Most of the day had already passed and the sun was starting to set. Her fervour, however, did not give way, but the more she neared her departure, the more she contemplated the beauty of the bridegroom and longed to rush impulsively to her beloved. She no longer spoke to us who were present, but to that one alone upon whom she held her eyes intently. Her bed had been turned towards the east, and she stopped conversing with us and was with God in prayer for the rest of the time, reaching out her hands in supplication and speaking in a low, faint voice so that we could only just hear what she said. This was her prayer and there is no doubt that it came to God and was heard by him.
You have released us, O Lord, from the fear of death.
You have made the end of life here on eartha beginning of true life for us.
You let our bodies rest in sleep in due season
and you awaken them again
at the sound of the last trumpet.
You entrust to the earth our bodies of earth
which you fashioned with your own hands
and you restore again what you have given,
transforming with incorruptibility and grace
what is mortal and deformed in us.
You redeemed us from the curse and from sin,
having become both on our behalf.
You have crushed the heads of the serpent
who had seized man in his jaws
because of the abyss of our disobedience.

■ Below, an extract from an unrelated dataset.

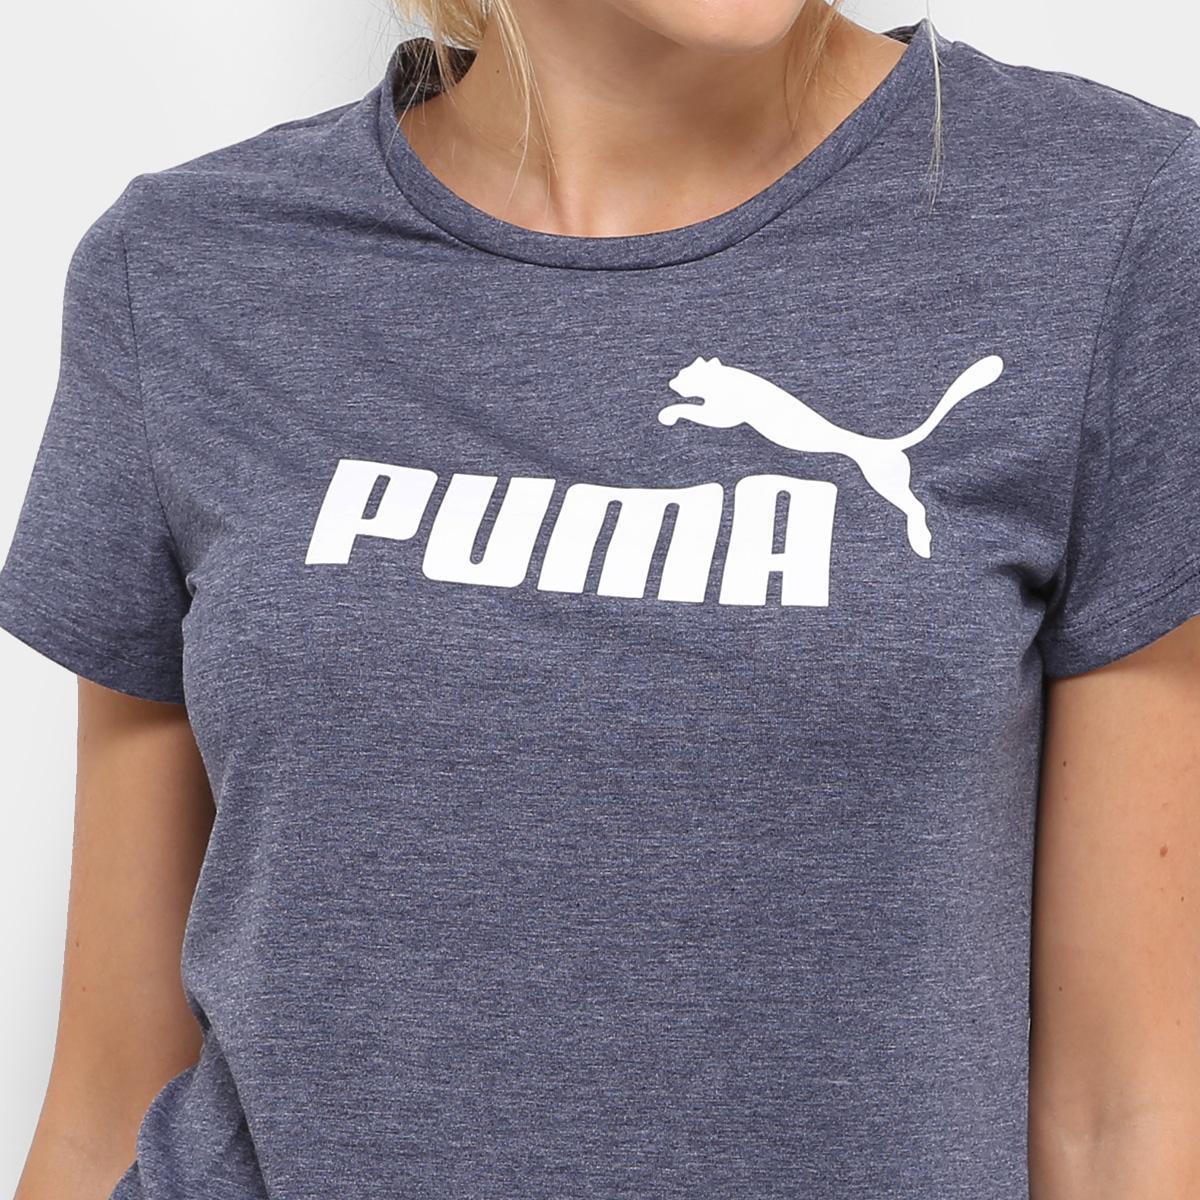 Camiseta Puma Essentials Heather Tee - Roxo - Original

You have opened up for us a path
to the resurrection,
having broken down the gates of hell
and reduced to impotence
the one who had power over death.
You have given to those who fear you
a visible token, the sign of the holy cross,
for the destruction of the Adversary
and for the protection of our life.
Upon whom I have cast myself from my mother's womb,
Whom my soul has loved with all its strength,
To whom I have consecrated flesh and soul
from my infancy up to this moment,
Put down beside me a shining angel
to lead me by the hand to the place of refreshment
You who have cut through the flame
of the fiery sword and brought to paradise
the man who was crucified with you,
who entreated your pity,
remember me also in your kingdom,
for I too have been crucified with you,
for I have nailed my flesh out of reverence for you
and have feared your judgements.
Let not the dreadful abyss separate me
from your chosen ones.
Let not the Slanderer stand against me on my journey.
Let not my sin be discovered before your eyes
if I have been overcome in any way
because of our nature's weakness
and have sinned in word or deed or thought.
You who have on earth the power to forgive sins,
forgive me, so that I may draw breath again
and may be found before you
in the stripping off of my body
without stain or blemish in the beauty of my soul,
but may my soul be received
blameless and immaculate into your hands
as an incense offering before your face".
And as she spoke this prayer, she traced the sign of the cross on her eyes, her mouth and her heart. And little by little her tongue was burned dry by the fever and was no longer able to articulate her words, her voice was wavering and only by the parting of her lips and the movement of her hands did we recognise that she was praying.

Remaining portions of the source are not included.